Real Estate Investar - Property Investment Blog

4 Inherent Risks of Property Investing

Written by Real Estate Investar Editor | Fri, Oct 27, '17

With any type of investment comes risk and these risks can act as barriers to your investing. Your level of comfort with investment risk will usually depend on your current financial situation, age, your personal circumstances and your experience.

For example, if you are a property investor coming close to retirement, your perceptions of risk are likely to be different to those of a younger investor.

These investors may be more open to 'risky' investments and, for example, may be more likely to buy property in need of renovations in order to gain capital growth.

These are the four top inherent risks of property investing and how to avoid them:

Vacancies

One risk of owning an investment property is that the property will be vacant for an extended period. With no tenants to pay the rent, this leaves you to pay the mortgage repayments without the extra income from rent. 

This can occur for two reasons, because you or your property manager can’t find a suitable tenant for the property, or because there simply isn’t enough rental demand in the area.

While this is certainly a risk, with the right tools it can be easily mitigated. Using resources such as those in the Real Estate Investar suite of tools, you can research the vacancy rates in the suburb you are looking to invest in, as well as any changes in vacancy rates over time.

This will give you a good idea of how likely it will be that your investment property will be tenanted. 

There is of course sometimes issues with finding tenants that are suitable, but this can be more of a patience game than a lack of demand.

It is recommended that some savings are held In reserve in case of tenants unexpectedly vacating, or if it takes a few extra weeks than expected to locate a suitable tenant.

Lack of liquidity

Liquidity is the ease in which you can gain access to the money you have within an investment.

One disadvantage of real estate investments is the lack of liquidity compared to other types of investments, which can force the investor to think long-term

When contemplating which type of investment option suits you, consider your need for liquidity in funds for risk management.
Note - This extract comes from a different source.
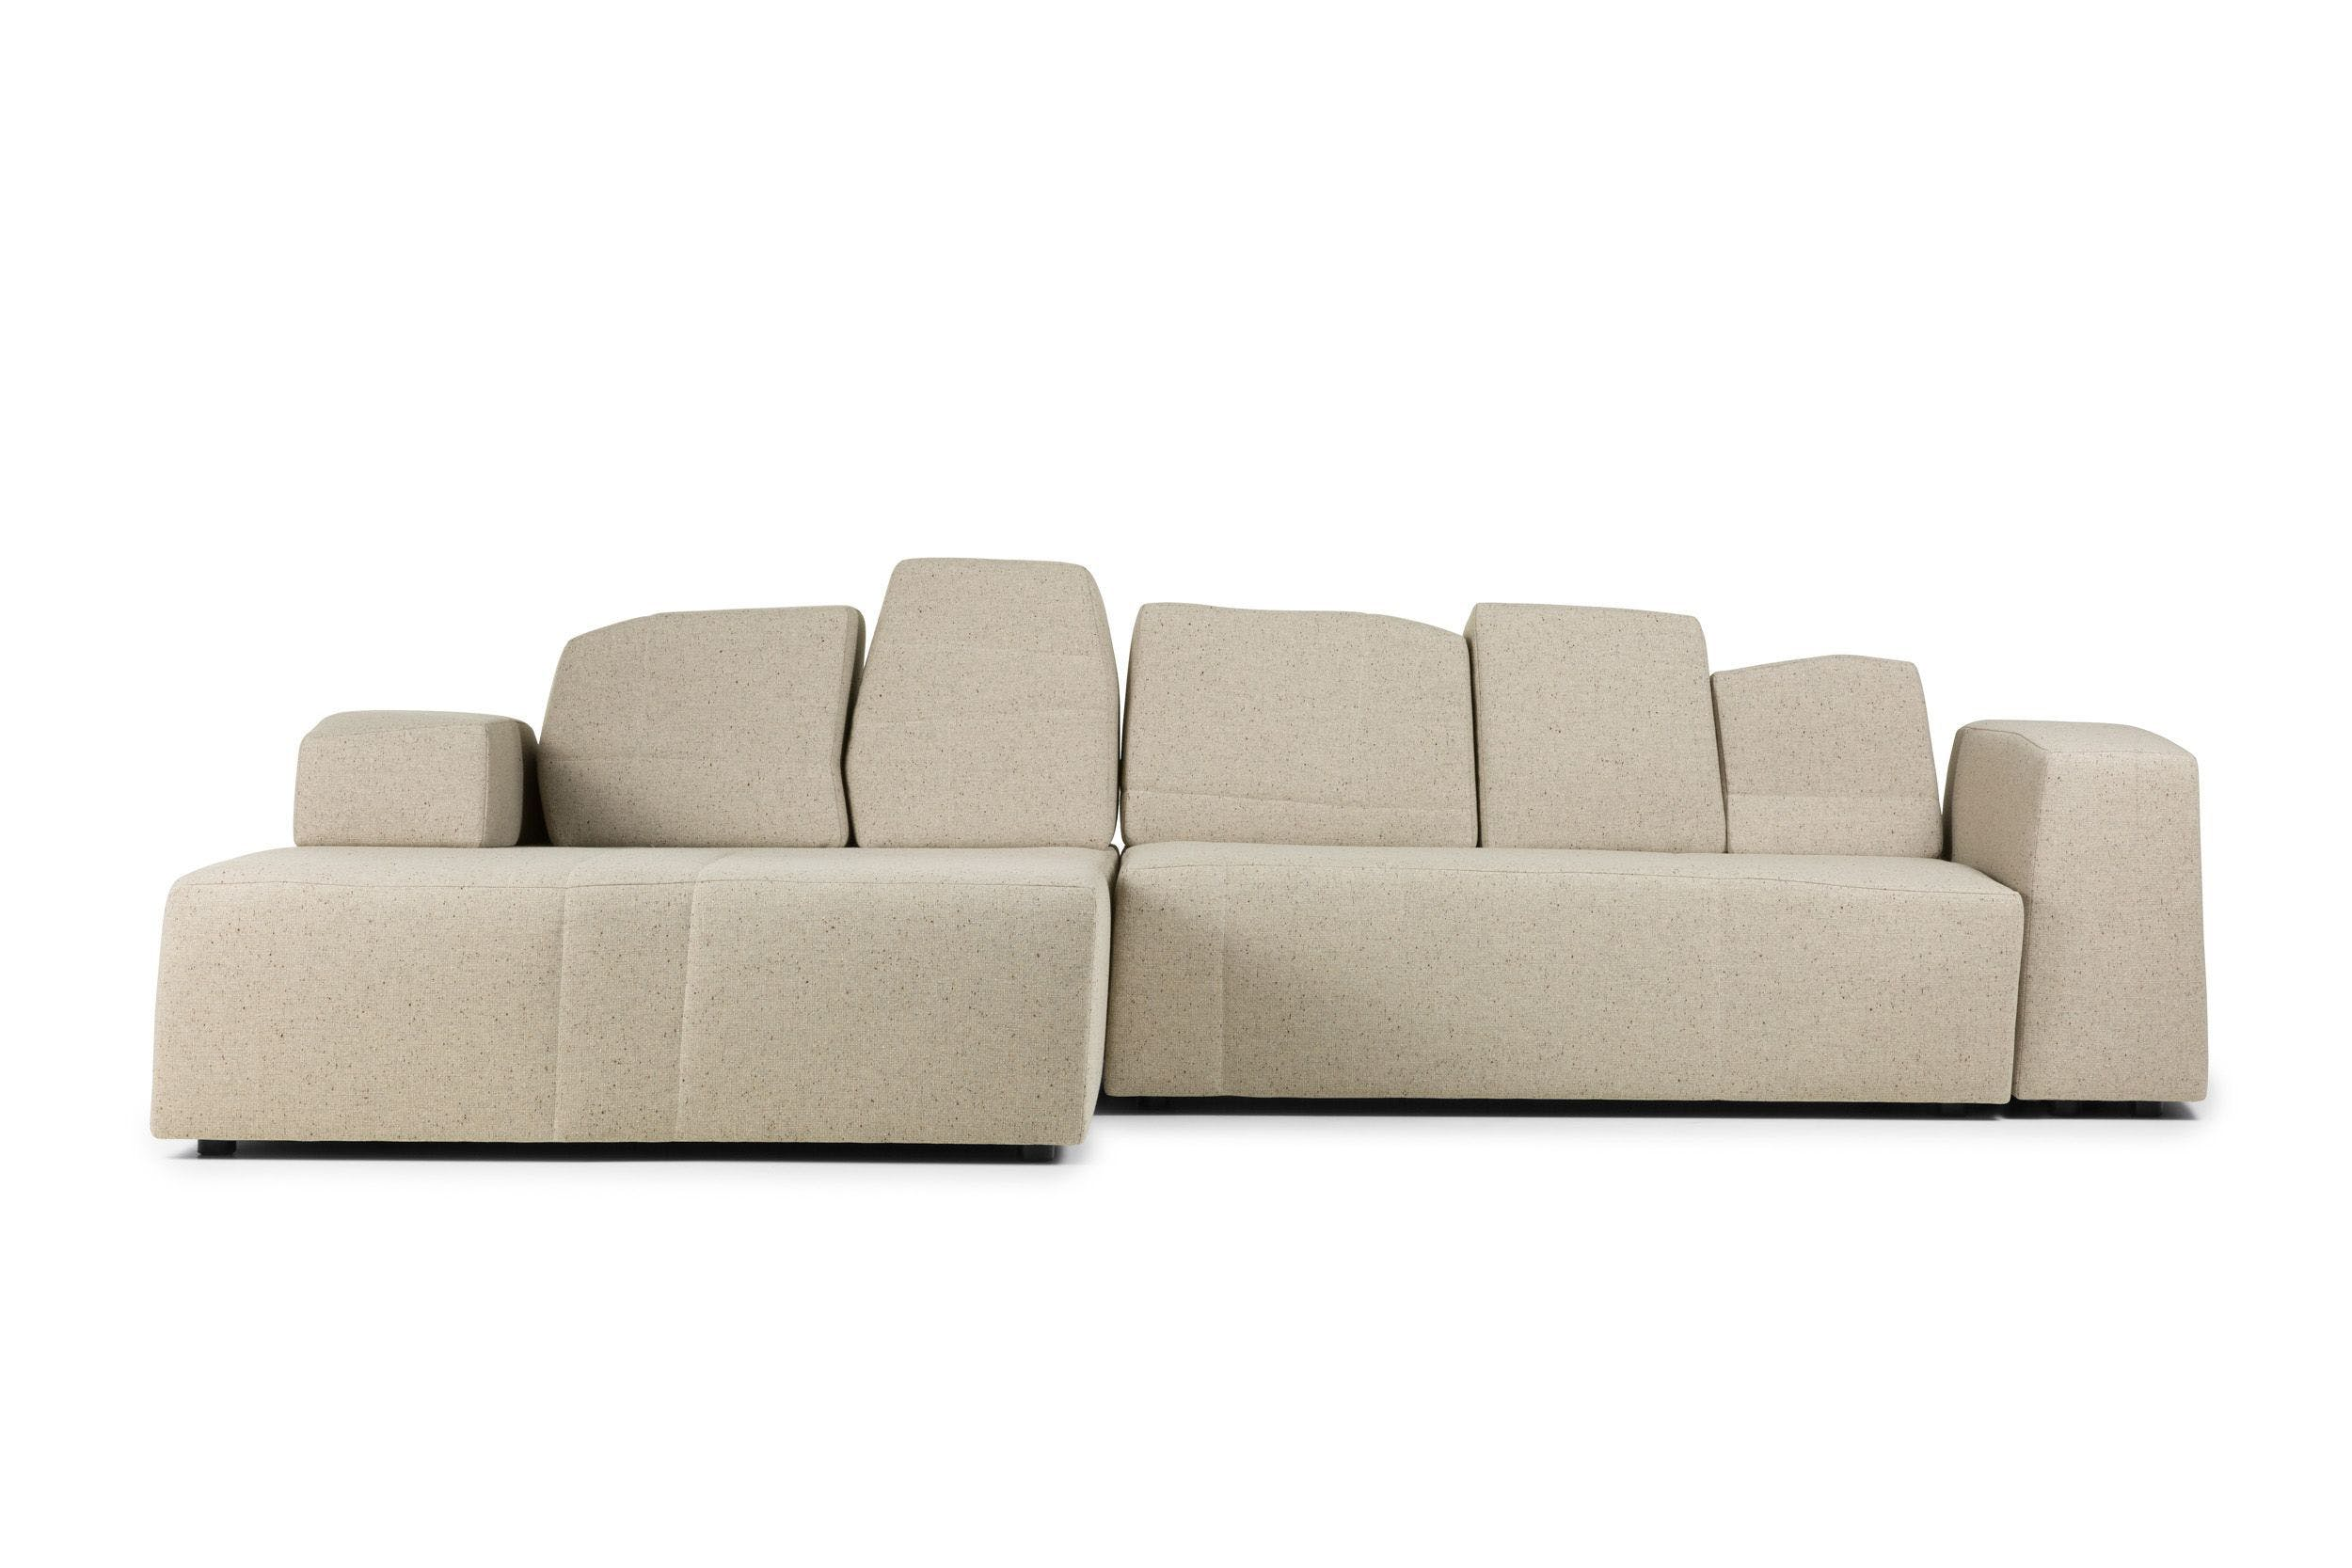 Something Like This Sofa Solis Paper Front 1 Moooi Web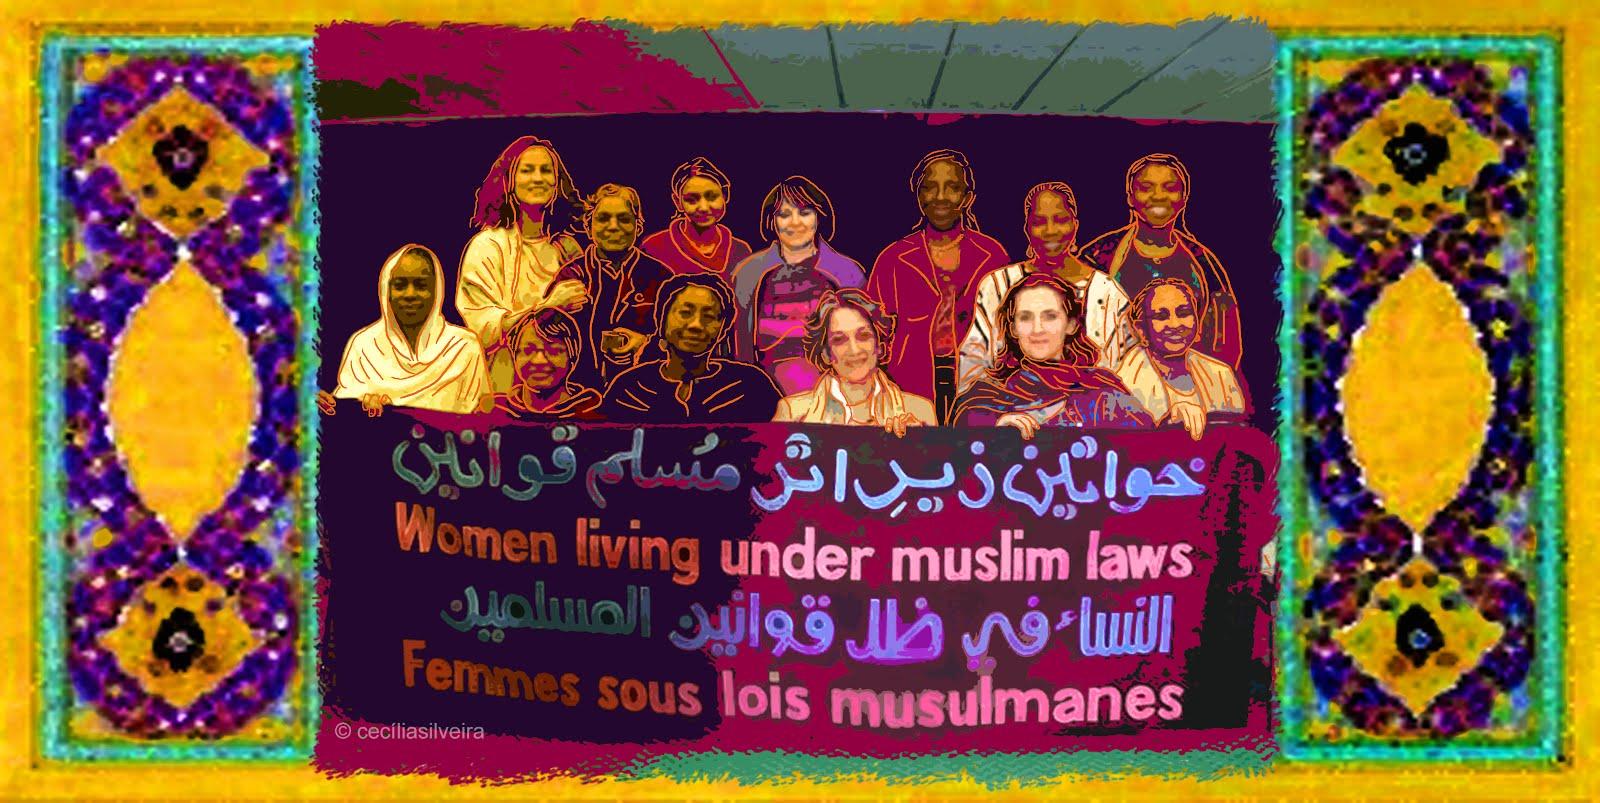 wluml-feminismo-no-oriente-medio-ceciliasilveira.jpg

Do you need access to your investment quickly if necessary? If so, real estate investment may be a risk for you, as selling a property is not a quick or simple process, and selling quickly or under pressure could result in taking a loss on your investment.

Real estate investment forces investors to buy and hold for longer than most other types of investments, which can be a great risk management strategy for those who have not had much financial gain from other forms of investments in the past.

Damage to the property

One of the risks of investing in property is your investments vulnerability to damage. As it is a tangible asset, there is the risk that something that may happen to it at your expense, affecting its profitability. These risks include natural disasters, fire, damage by tenants and robbery or vandalism.

Thankfully, it is possible and relatively simple to protect your investment from the inside out. An insurance policy is easy to obtain and is a means of managing the risks associated with real estate investment.

You may never have to make a claim but home insurance or landlord insurance is a solid choice for both investors and homeowners and there are various types of insurance cover to suit your circumstances.

Debt gearing

Debt gearing is a serious consideration when managing the risks associated with real estate investments. Debt gearing is the difference between the debts owed on a real estate investment and the equity within the investment.

The debt to equity ratio is determined by the purchase price and borrowing amount, the more distance you place between what is owed on the property and what it’s worth, the better – this lowers the risks.

Equity is the value in your property, less what you owe the bank. If a property you own is worth $440,000 and you owe $200,000 on your mortgage, your equity is $220,000. Your debt-to-equity ratio would be 45/55, as your debt equals roughly 45 percent of your home's fair market value.

Avoiding the temptation to over borrow is another way to manage your debt gearing risks.

When securing finance for a property purchase it is important to consider how an interest rate increase would affect your ability to make mortgage repayments on the property. If this is a concern for you, a fixed rate option could be a solution to help eliminate this risk.